The Five plus One’s Seventh Member
Mohammad Irani
The announcement of the Bushehr nuclear power plant’s integration into the national electrical grid, just one day after the IAEA published its report on Iran’s nuclear activities, and at a time when Moscow has put on the table its ‘step-by-step’ proposal, signals Iran's nuclear case’s return to the diplomatic agenda after a period of recession. This piece tries to focus on a number of key issues which may be helpful to get a clear picture of the future of Iran's nuclear program. Any likely scenario concerning this program will be affected by a combination of the following factors:
Firstly, the initiation of the Bushehr reactor’s activity and its integration into the national electrical grid will transform the international community’s view towards the nuclear program. The power plant adds a purely peaceful feature (with no dual applications) to Iran's nuclear program, and forcefully justifies development of a domestic fuel cycle inside Iran. To date, no Western sources have claimed that the Bushehr nuclear power plant is a threat in terms of nuclear proliferation. Even the UN Security Council resolutions have excluded the power plant from sanctions or suspension. In the meantime, the same reactor consumes around thirty tons of 3.5-5 percent enriched uranium per annum, which calls for inevitable massive enrichment. The accusations against Iran for its uranium enrichment are now dismissed. Even the Natanz nuclear site working at full capacity is only capable of providing one-year’s fuel consumption of the Bushehr nuclear power plant.
The argument that Russia has undertaken the responsibility of providing fuel for the nuclear power plant, thus Iran's enrichment activities becoming meaningless, is absolutely baseless. For more than a decade, Moscow held the power plant hostage and used it as the trump card in its deals with the US, while the project was scheduled to be finished in five years. There is no guarantee that Moscow would not use the nuclear fuel for the Bushehr reactor as another level to bargain with Washington in the future. The Russians have proven to be deeply interested in tradeoffs where benefits lie. They will never miss a lucrative deal with the Americans in return for cementing ties with Iran. This is the general pattern of their behavior: the Russians resist Washington’s demands only if there are no chances of trading off with the US over Iran-related issues.

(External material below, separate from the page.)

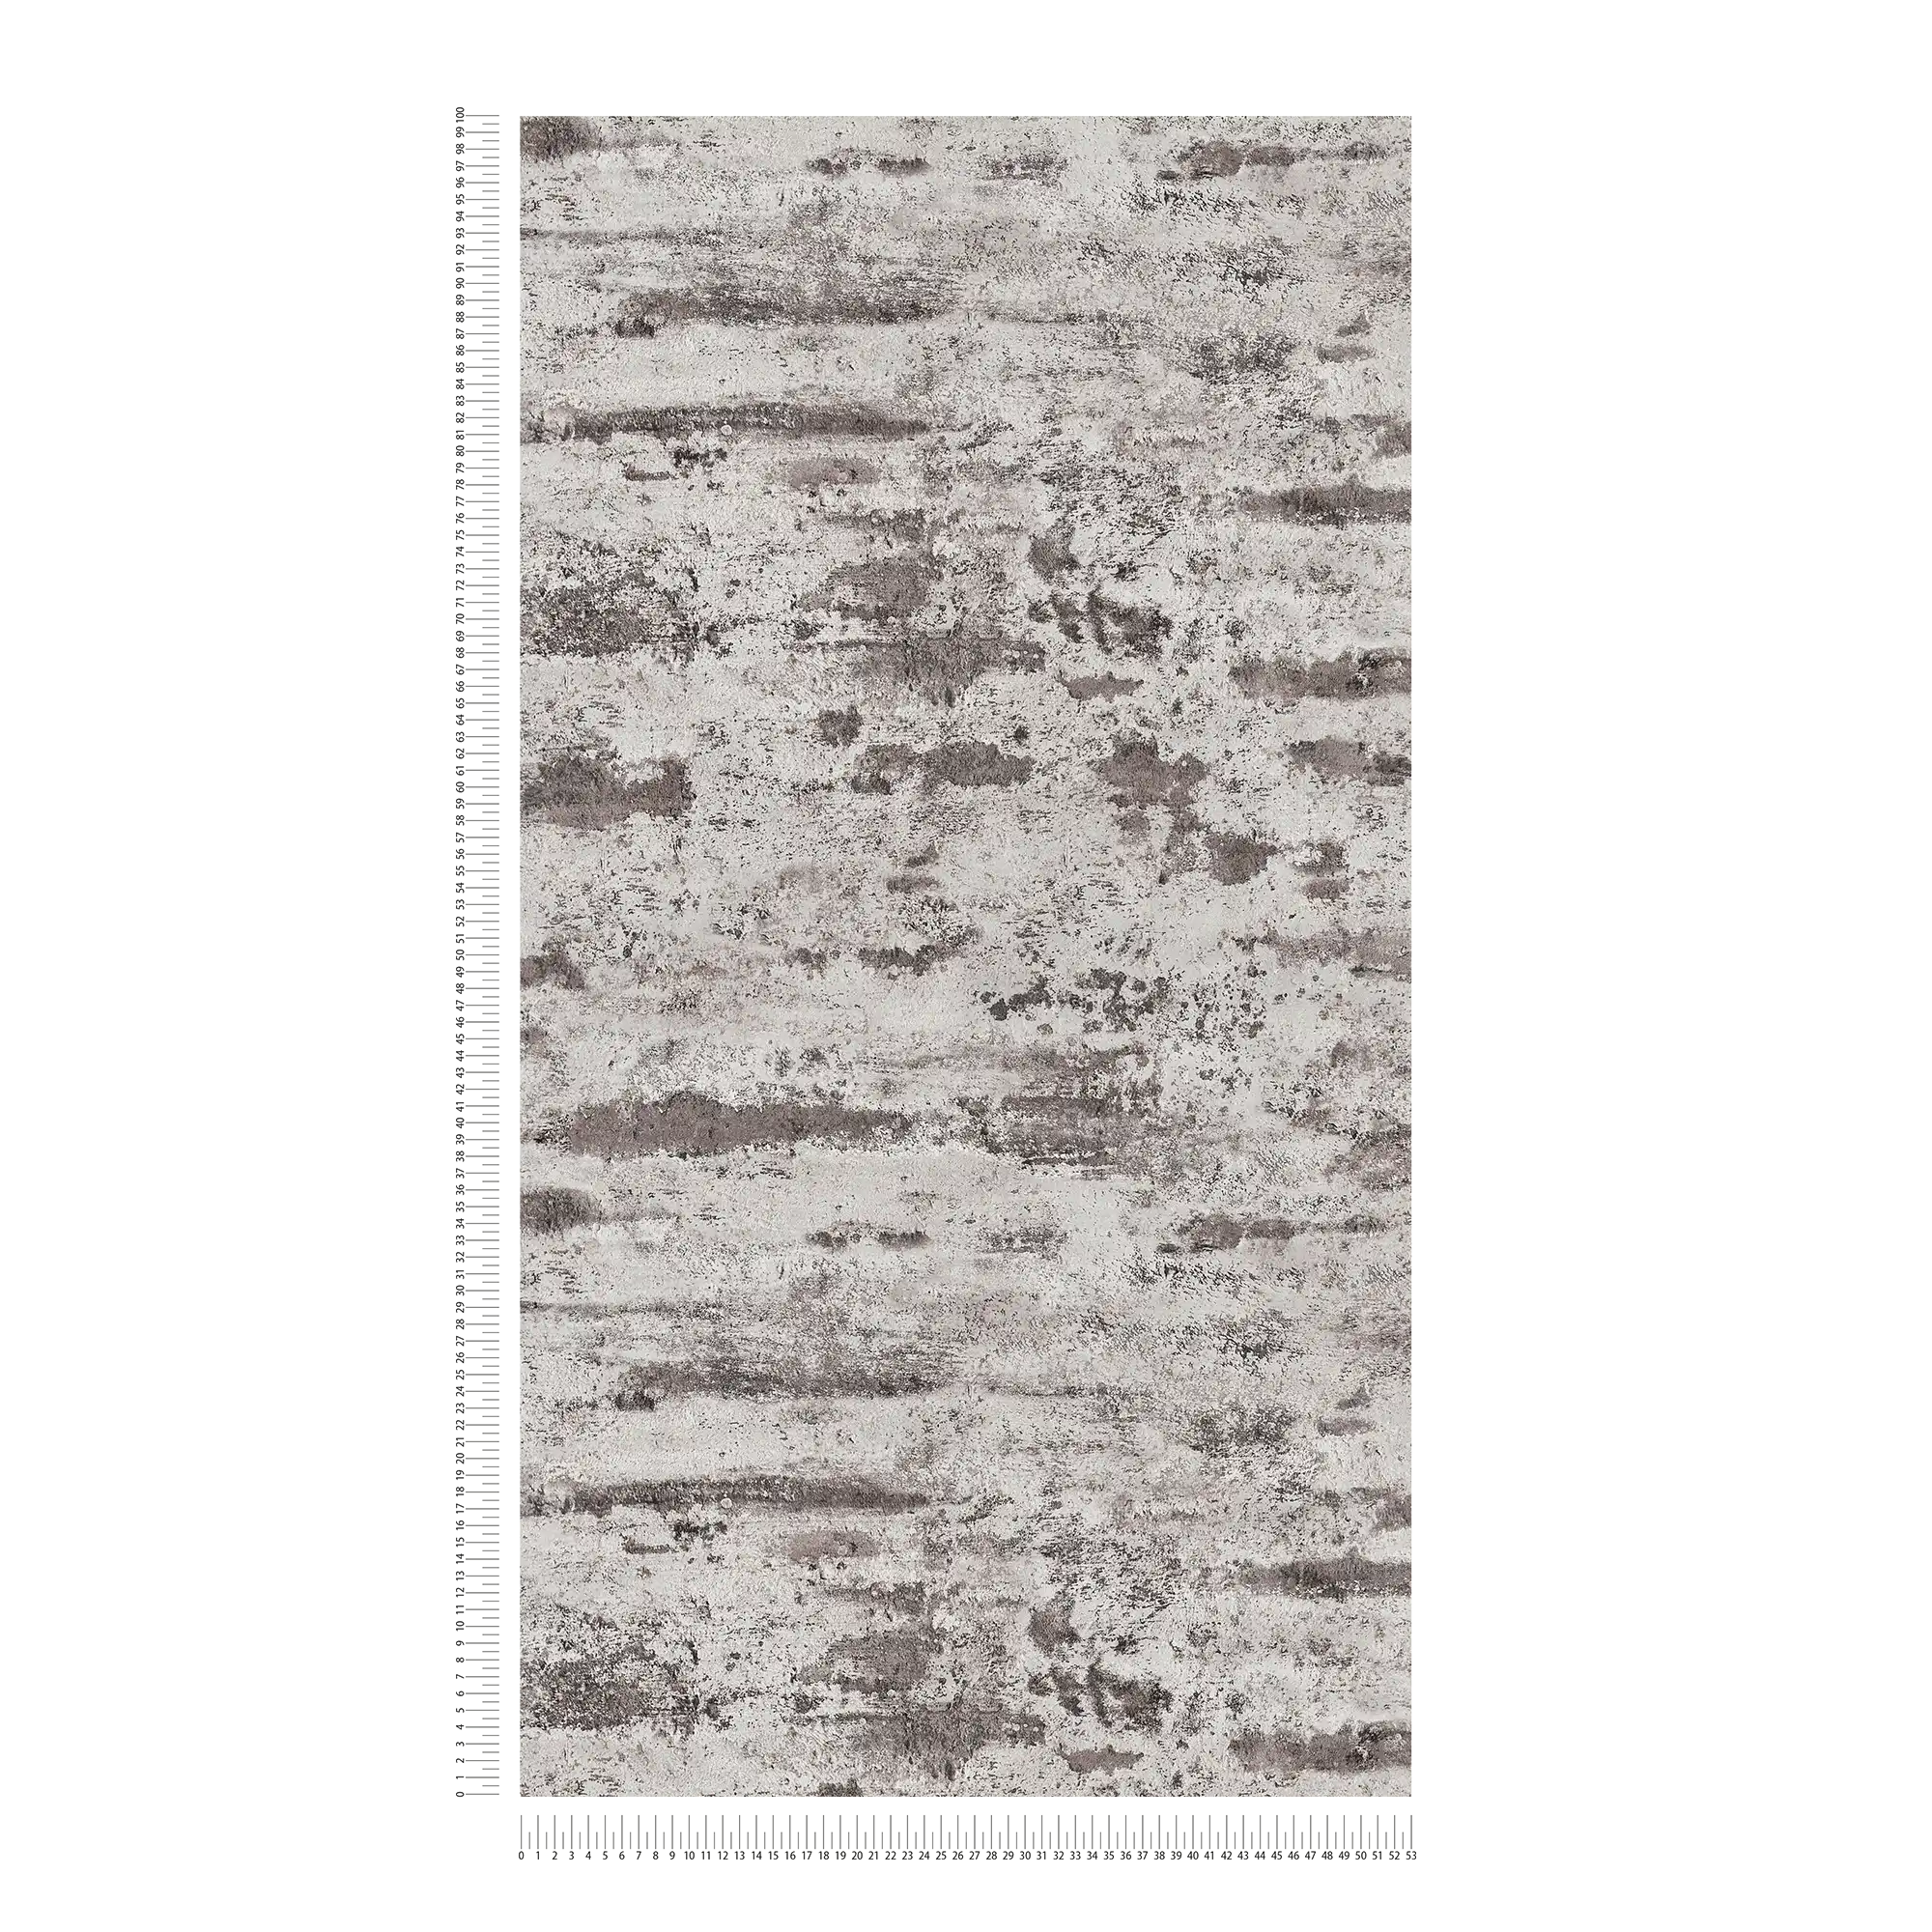             Papel pintado no tejido de aspecto rústico, aspecto de yeso - gris, negro

In brief, the Bushehr nuclear power plant launched its activity for the following reasons: 1) the power plant’s capacity to be wielded by Moscow in its deals with Washington has been drained: “this cow gives no more milk.” 2) Security arraignments and intensive investigations have removed any possibilities for the Bushehr power plant to turn into a proliferation site. 3) The Russians have the feeling that with further procrastination in the project, Iran will achieve nuclear know-how and deprive them of cooperation in other nuclear projects. There are already serious doubts about Russia being a reliable partner for the second phase of the Bushehr nuclear project. The delay also erodes trust of Russia and undermines its status in the global nuclear market. Clearly, Moscow’s share of this market is less than the US and the EU, and a tarnished reputation equals missed opportunities. At the moment, the Indians are eyeing the fate of Bushehr’s nuclear power plant to make the final decision about signing a nuclear contract with Moscow.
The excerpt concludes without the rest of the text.